C つぶしたら、いためた具材を叩き込んで練り合わせる。しゃもじか何かで適当に混ぜる。大雑把な方が良い。
 この時水分が多くベチャベチャだったりしたら、黙ってボールに入れたままふたをせずに冷蔵庫に放りこみ、数時間から半日
存在を忘れる。水分は飛ぶ。臭いが移るとか何とかいった細かな事は、わかりっこないので考えない。
 これで中身は完成。

D 次に整形。
 チープなジャガイモコロッケは
小判型と決まっているので、片手で適当な量を取り、粘土遊びの要領で形作っていく。ピッタリそろった形にする必要はどこにもないが、しっかり握って作らないと後で形が崩れる。素材の味などすでに死んだも同然なので、遠慮せずにギュウギュウやっても差し支えない。
 形になった時点で、しばらく冷蔵庫に入れておいたほうが余分な水分が飛んで良いが、面倒な場合は早速衣つけ作業に移る。

E 衣といえば、小麦粉をまぶして溶き卵にくぐらせてからパン粉をつけるのが筋と言うものだが、そうはしない。これだと衣が柔らかすぎて個人的な嗜好には合わないのだ。そこで小麦粉に水と玉子をボールにいれて、トロトロになるくらいにかき混ぜる。広島風のお好み焼きの生地のようなものだ。これに件のコロッケの原型を漬けてから、たれない内に素早くパン粉をまぶすと言うより、からめつける。これにより嫌がうえにも頑丈な衣を身にまとうコロッケになる。自分の好みの世界に正統もヘチマもないのだ。

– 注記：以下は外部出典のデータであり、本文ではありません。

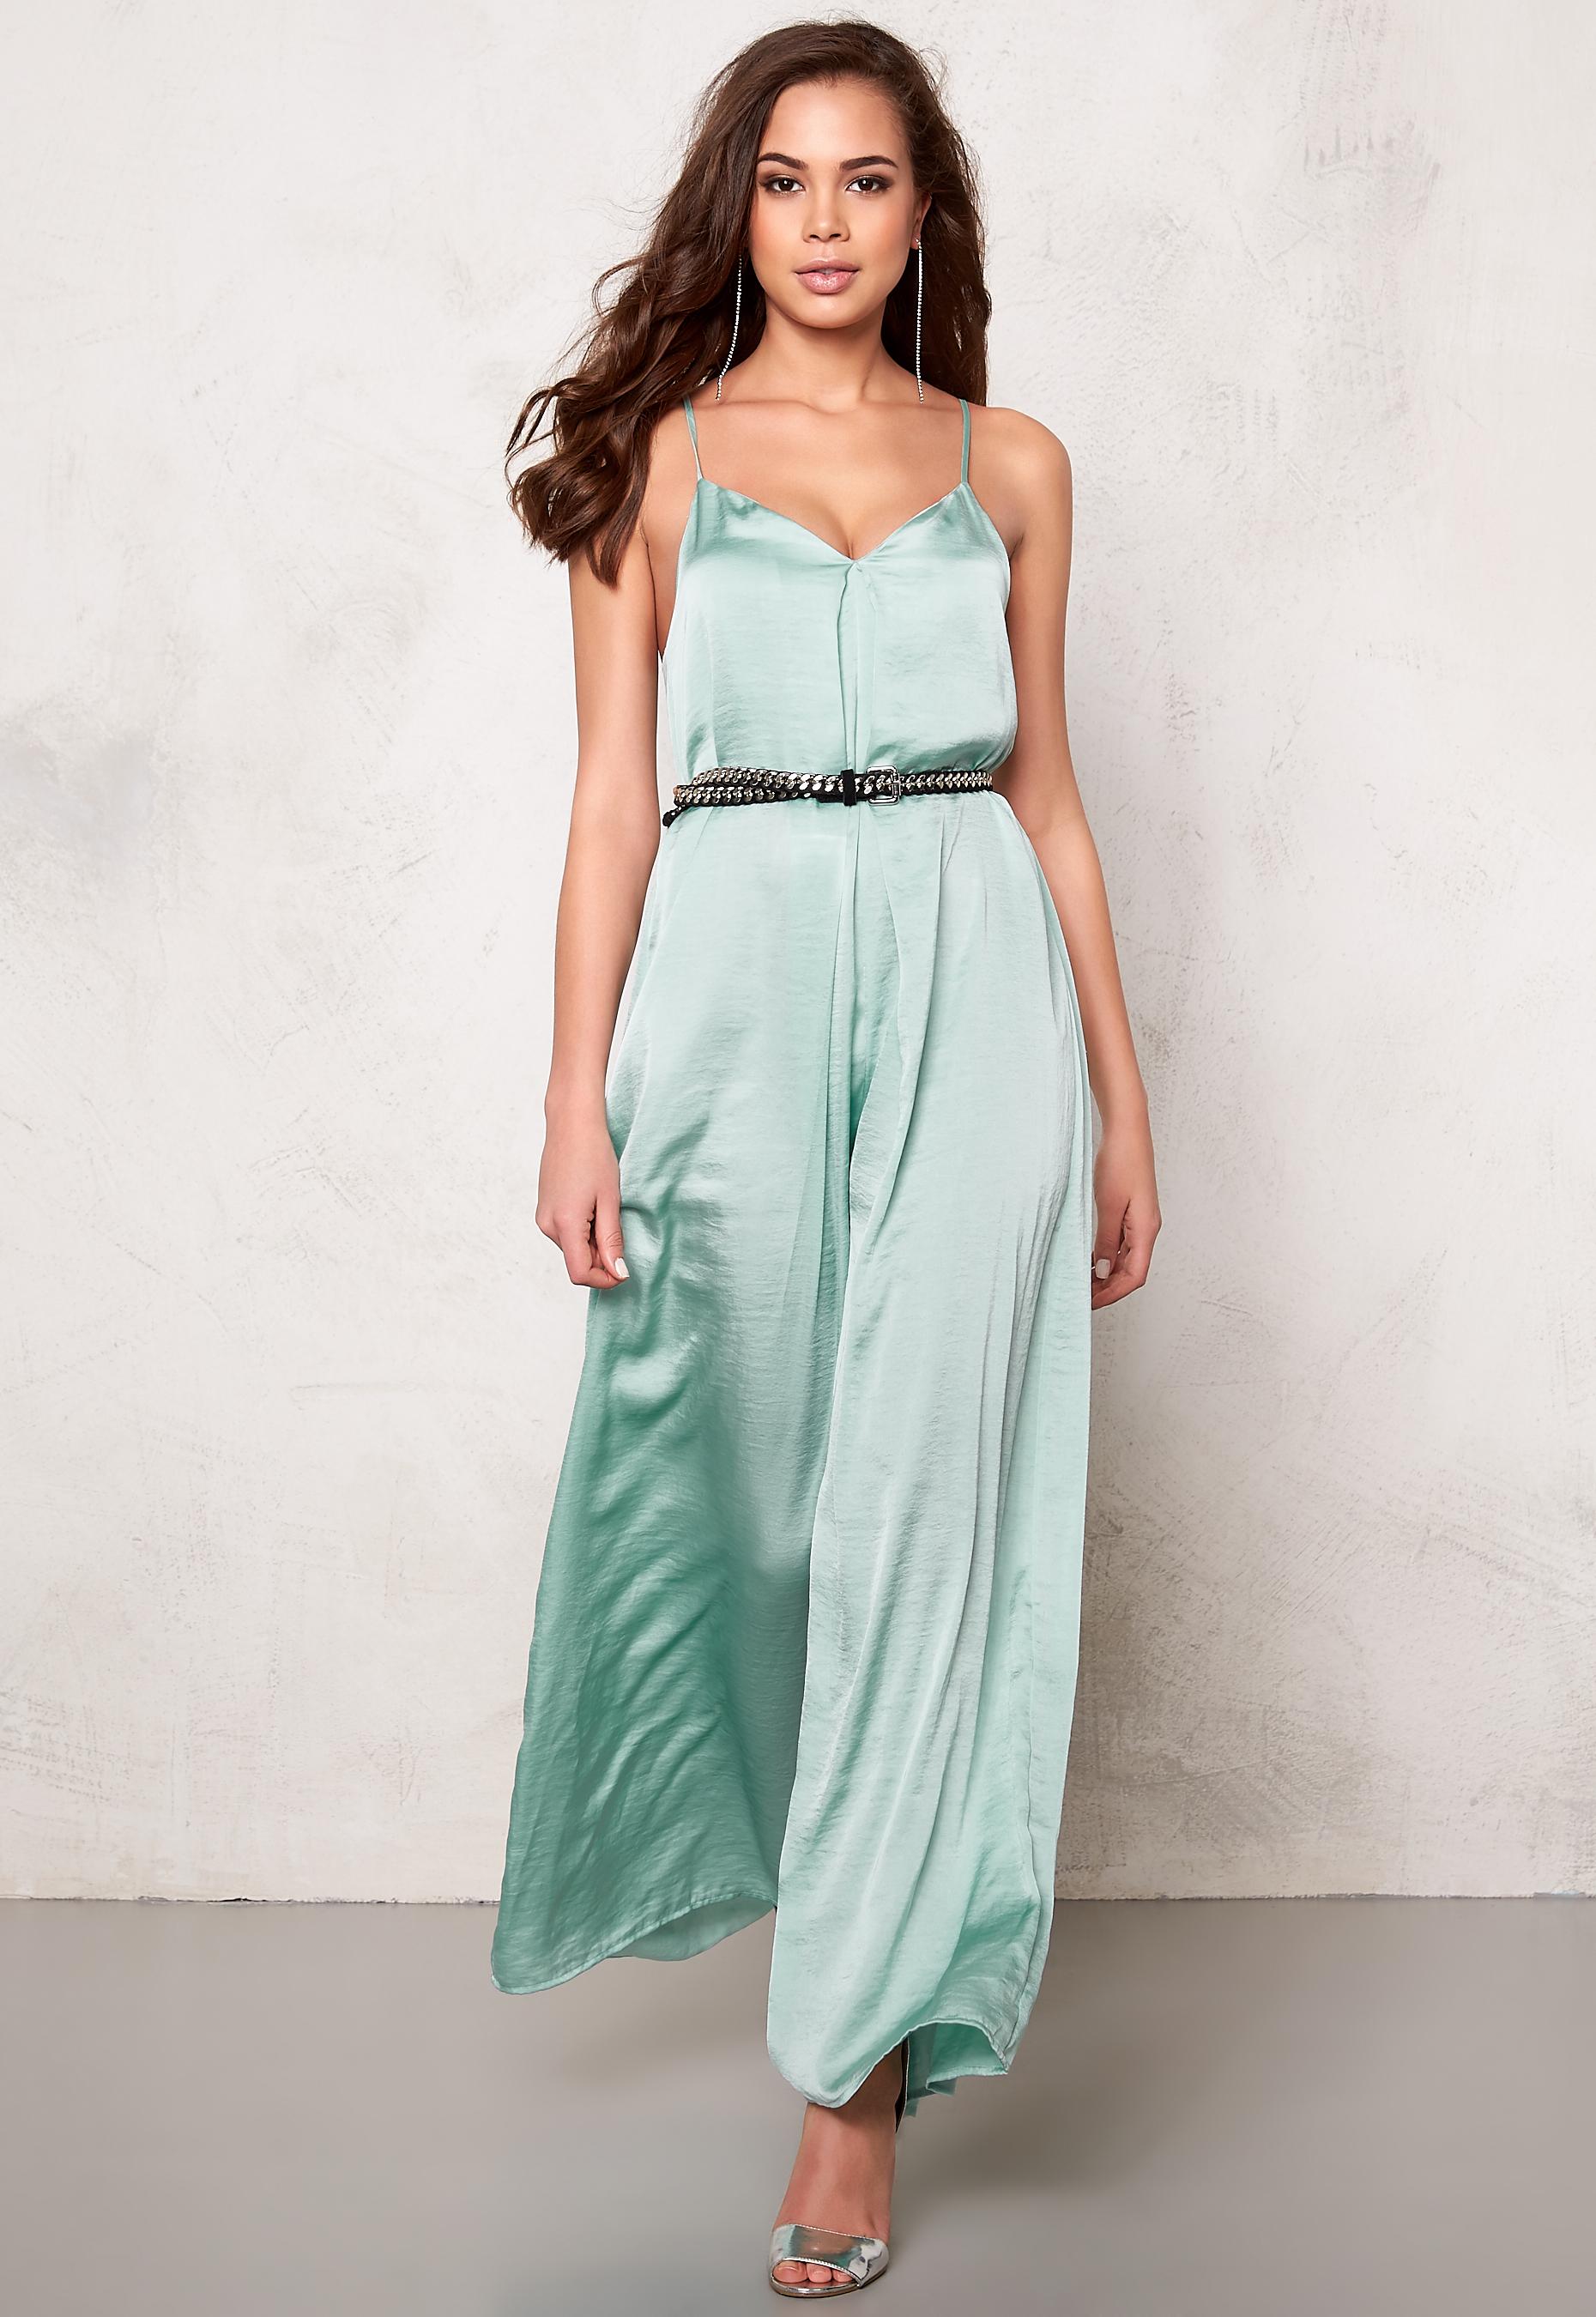 Beautiful Wedding Guest Short Dresses Crest - All Wedding Dresses ...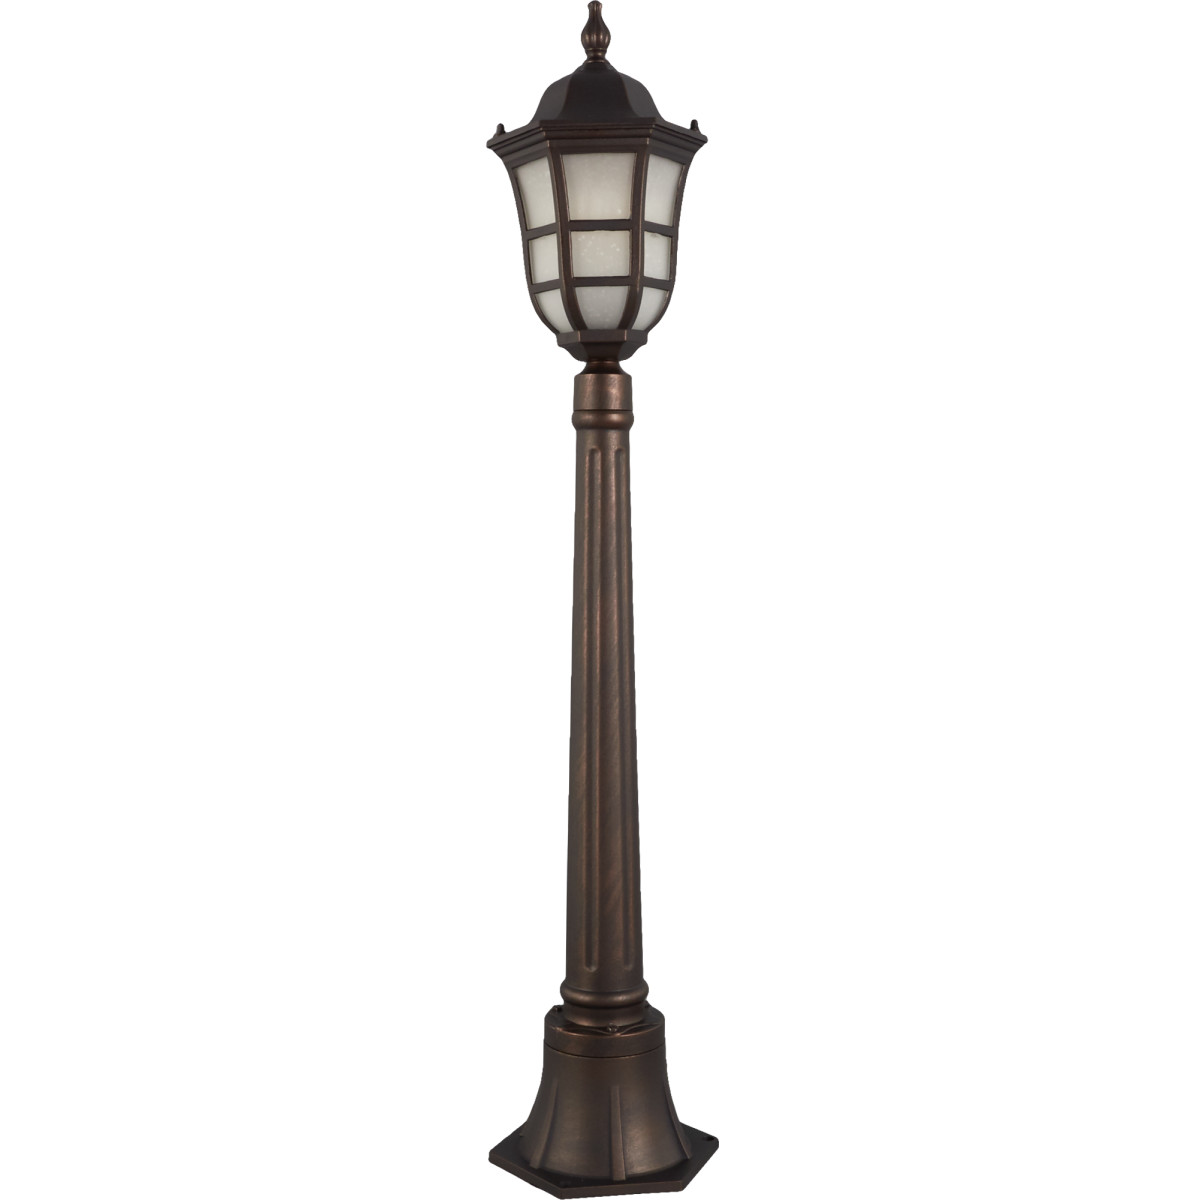 Столб уличный Меридиан 105 см

 完成。普通の肉屋のコロッケより大きいものが18個出来た。こんなに食べれないので、一つずつラップにくるんで冷凍庫に入れてしまう。一ヶ月は平気だろう。解凍してから揚げれば割れて油はねするような事はほとんどない。とにかくキツネ色になるまで十分揚げたい。
 当然キャベツの千切りは絶対必要。しかも
糸のように細く切らねばならない。その幅2ミリ以下。出来ない不器用の仁は機械の力を借りるか、切ってある物を買ってくるのみだ。短冊切りのものを『千切り』とは呼ばないので注意。これを脇に従えて鎮座するコロッケ。 『ブルドックソース』の『中濃』をかけて熱い内に食したい。